It's just that Li Yizhou has long been picked up and is not an expert in AI, and the content of his courses is basically the most basic common sense, more about "emphasizing the power and importance of AI" and "using SORA keywords to attract traffic and monetize, sell accounts, sell generates**, sell tutorials" and other old-fashioned monetization operations of Internet lecturers. is the same as the previous "teach you how to use chatgpt", it belongs to eating openai's secondary traffic cutting leeks.

Rather than focusing on how to catch up with the latest AI technology, it is better to pay more attention to the emergence of AI to change the production model, after all, AI will move towards fool-like ease of use in the future, and exploring how AI can better value-add content production in what field is what future workers should be more concerned about.

AI "one-click generation of advertising images" tool Amazon AD (source: Amazon).

This is another reason why SORA is a hot topic, with the help of this text generation technology, people are seeing examples of AGI changing the content creation process.

Prior to this, AIGC has broken through the level of text generation and image generation, and now, the last hurdle of recognized creative media - one-click generation of * has also been opened, with the success story of ChatGPT in the past, the market generally believes that SORA can also become the next AI model to change the workflow, not just stay in theory.

After the release of SORA, there was a lot of speculation online about OpenAI's next steps. AI content creator "kwebbelkop" said that OpenAI will collect data from users to fine-tune the model to make SORA more powerful.

In addition, OpenAI will also collect these ****data** to enhance SORA's RLHF (Reinforcement Learning from Human Feedback Algorithm), which means that everyone can create social **hot** with one click through SORA. Based on this, OpenAI will even have the possibility to launch a brand-new ** platform composed entirely of AI-generated content, and compete with YouTube, TikTok, etc.
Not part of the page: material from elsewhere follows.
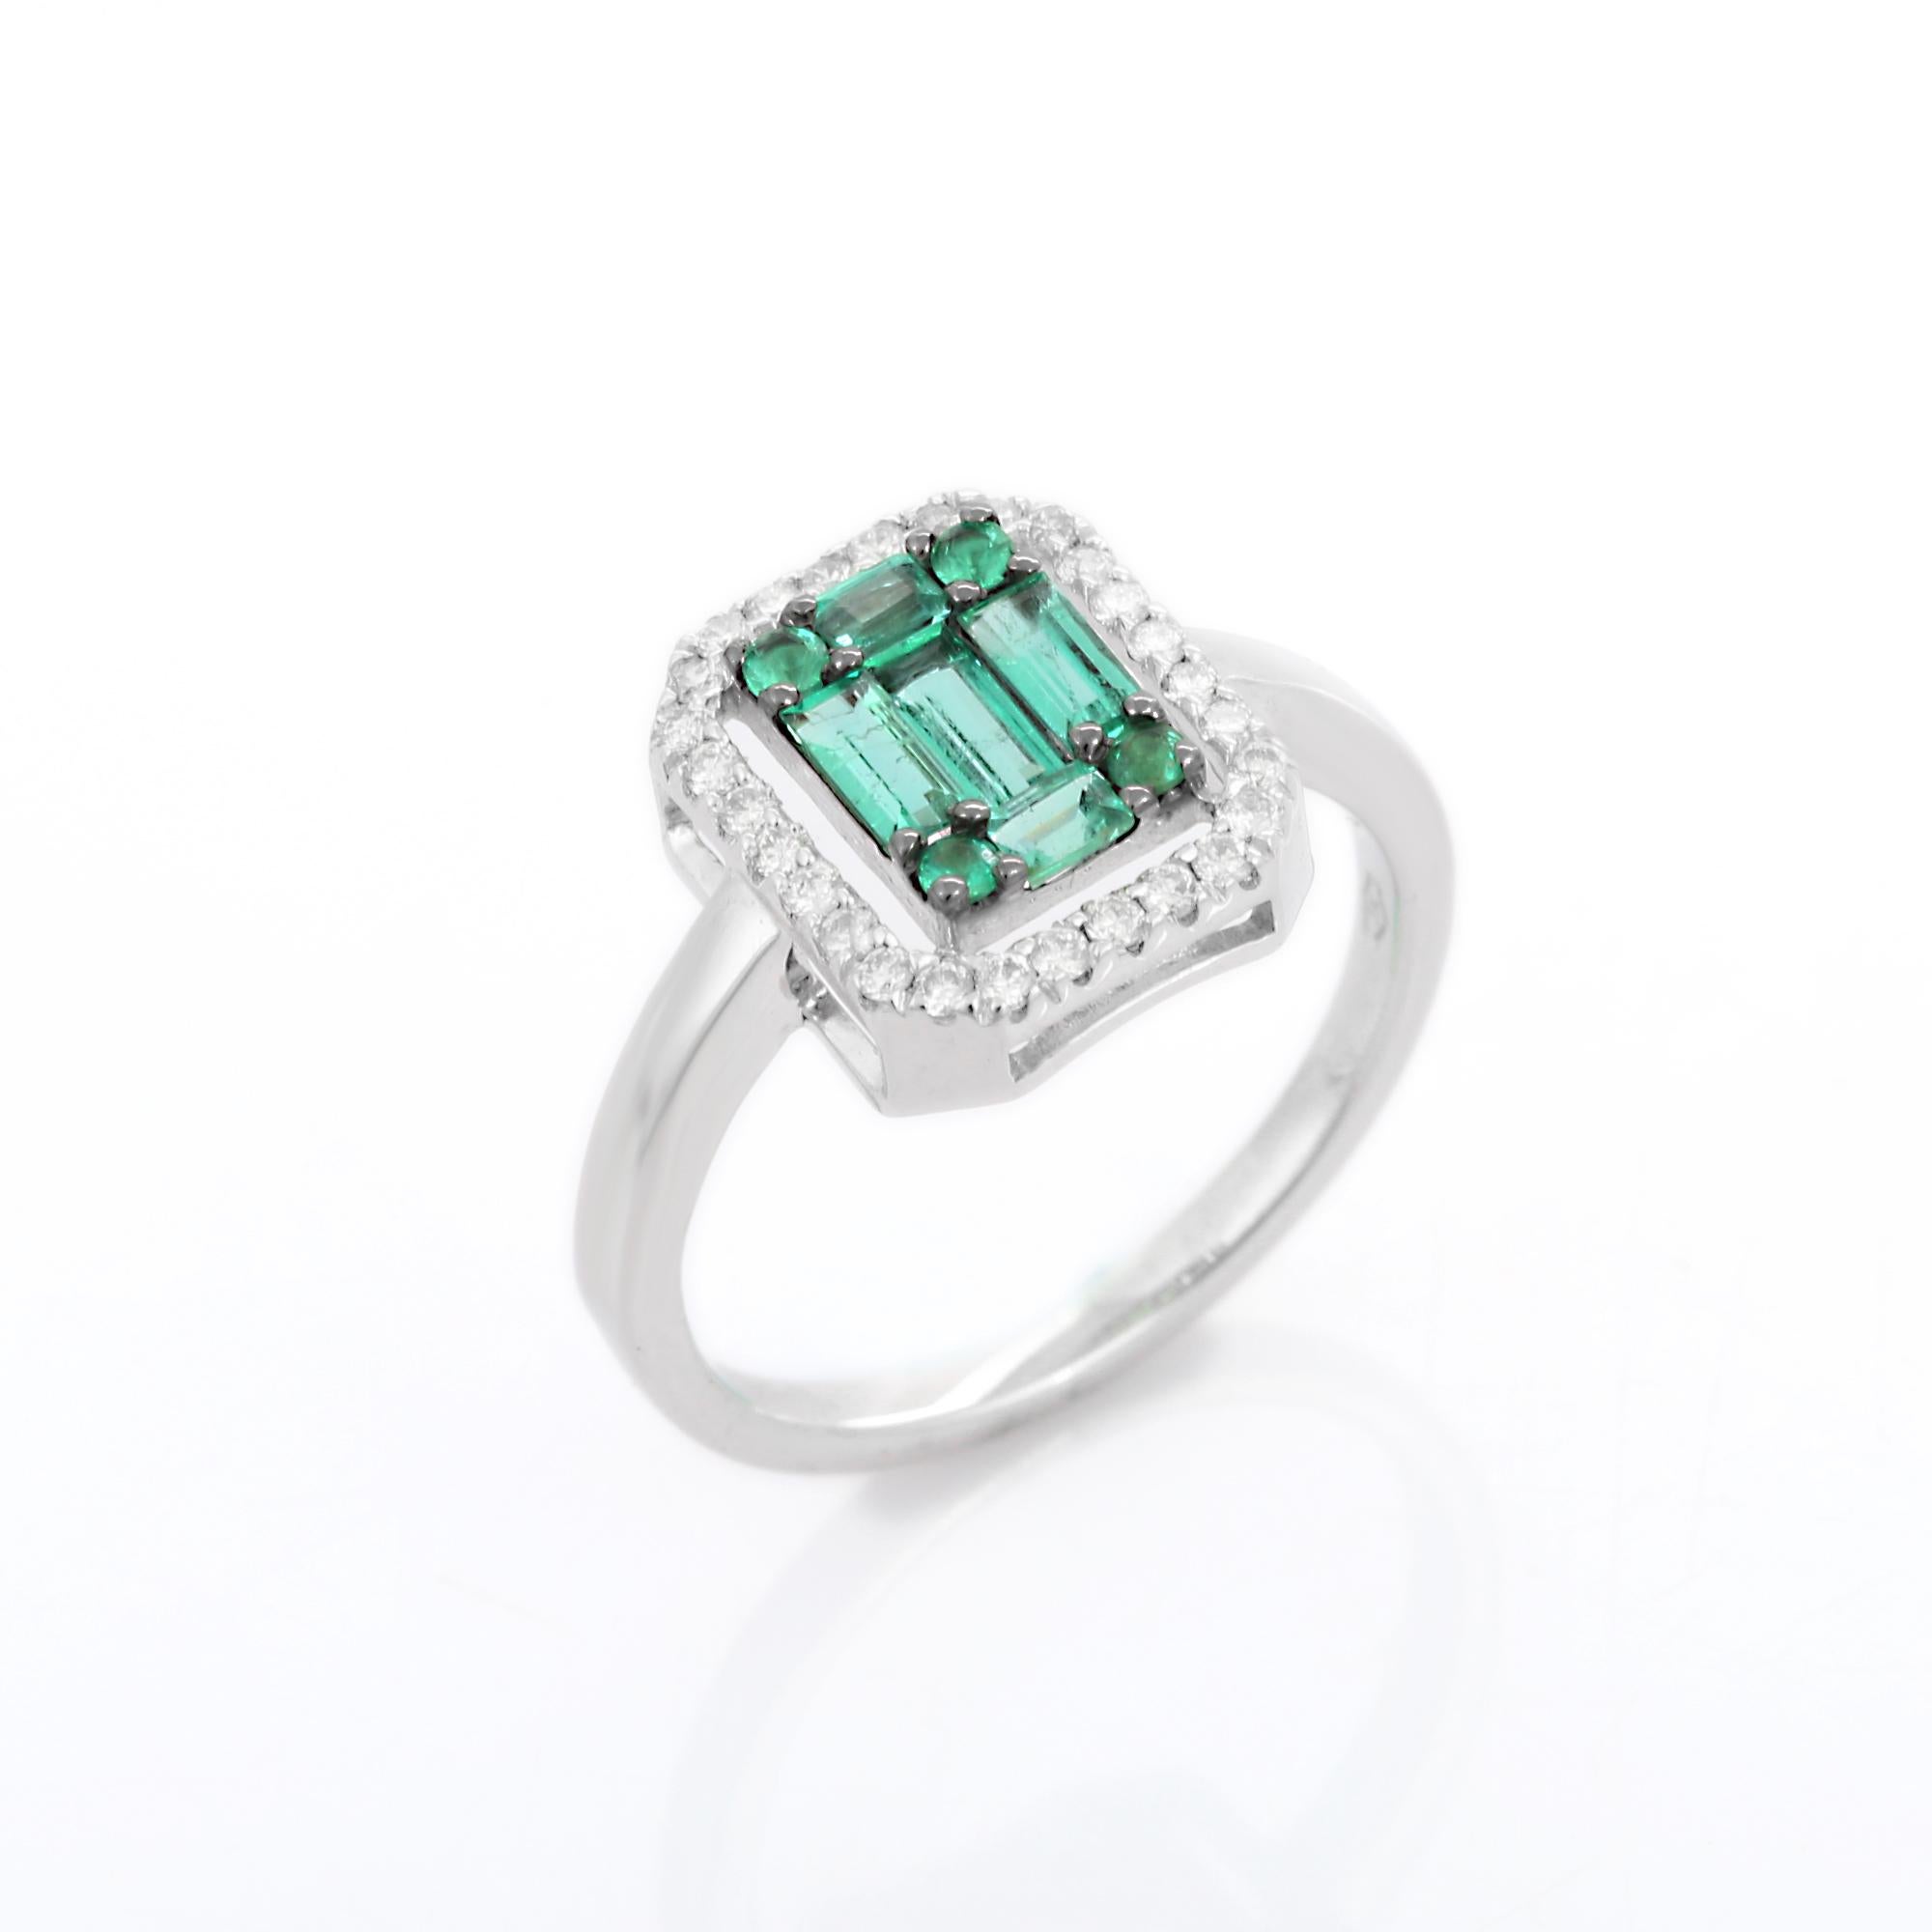 For Sale:  18k Solid White Gold Emerald Cluster Engagement Ring with Diamonds 8
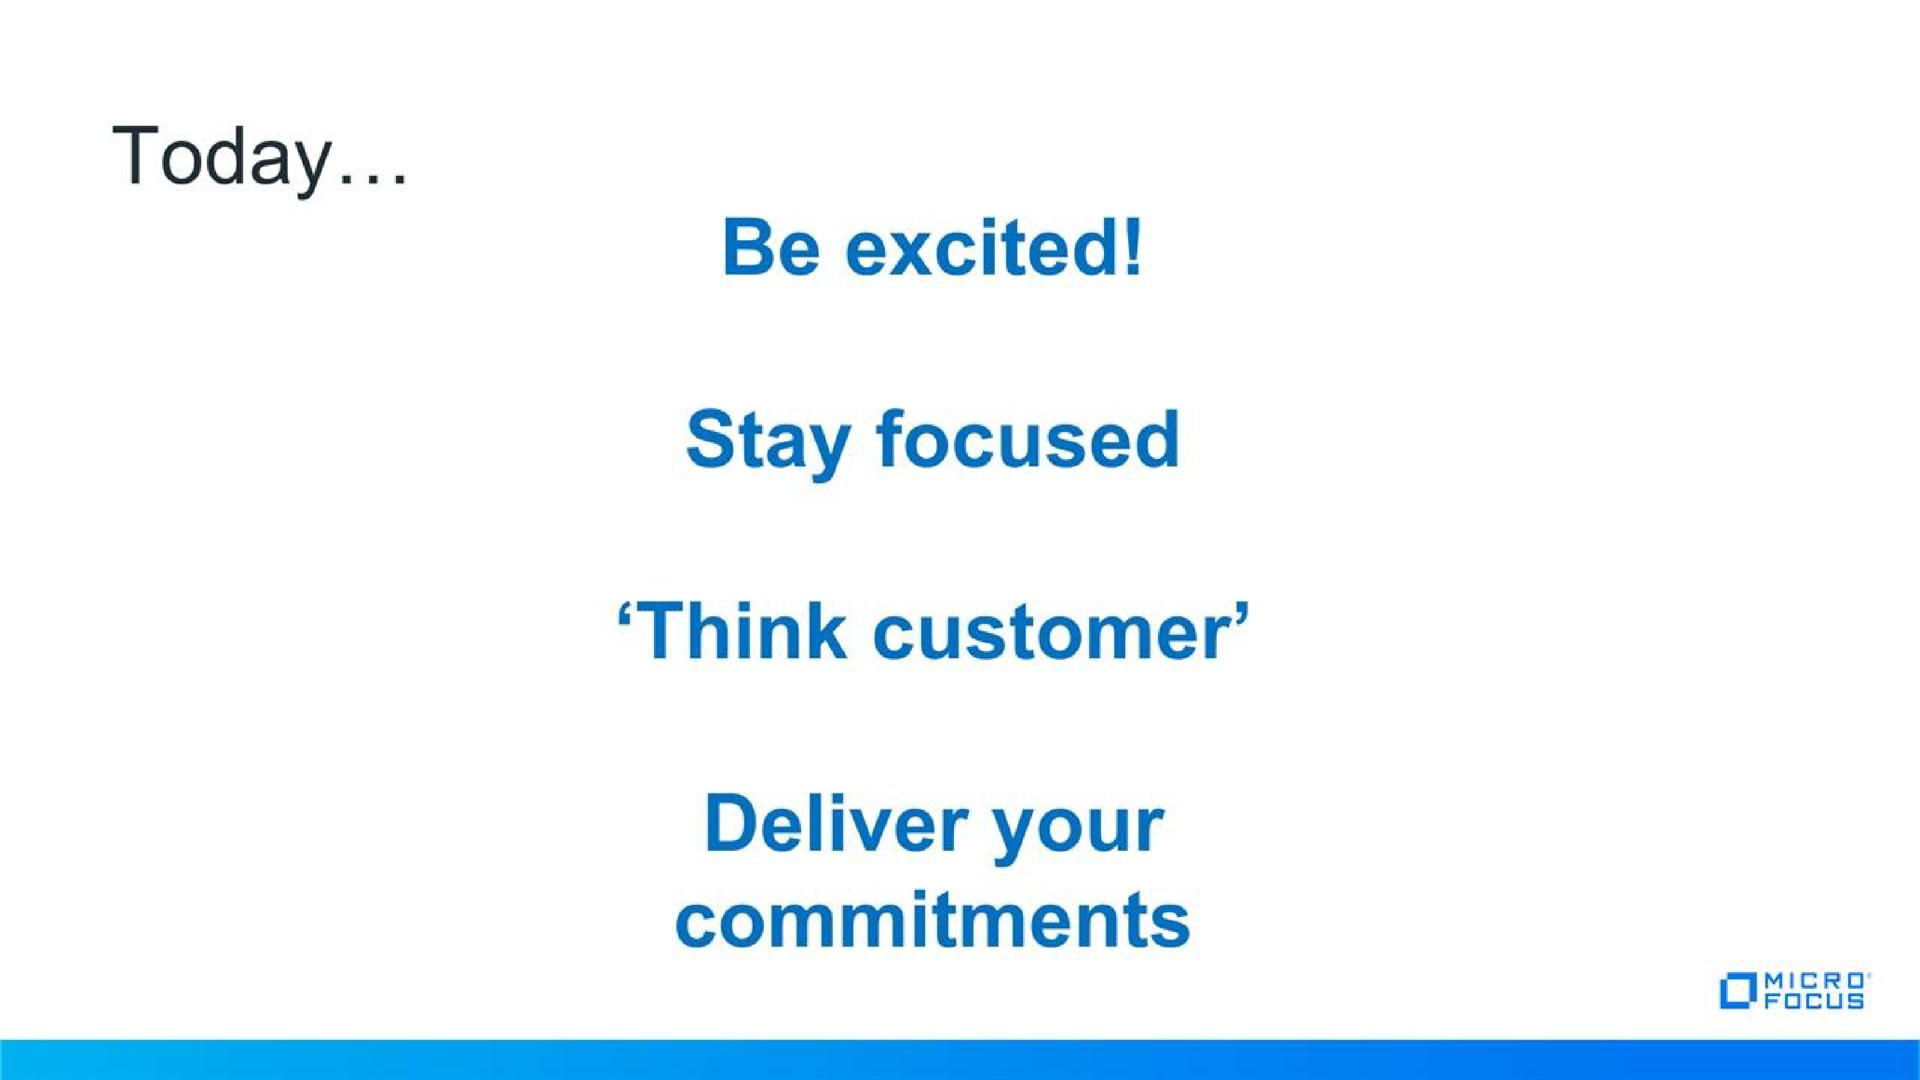 today be excited stay focused think customer deliver your commitments | Micro Focus

Source: x However, OpenAI's ambitions may not stop there. Transforming content production has always been the focus of people's attention on generative AI, and at present, OpenAI's artificial intelligence blueprint has included Wenshengwen's ChatGPT, Wensheng's Dall·E 3, Wensheng's Shap·E, and Wensheng**'s SORA.

On traditional smartphone and PC platforms, we have seen the dominance of ChatGPT in the field of AI generation. However, traditional hardware with a single interaction mode obviously fails to stimulate the full potential of multimodal AI, just as AI subverts the past, electronic hardware products also need to be upgraded at an accelerated pace to meet the potential interaction needs of the future.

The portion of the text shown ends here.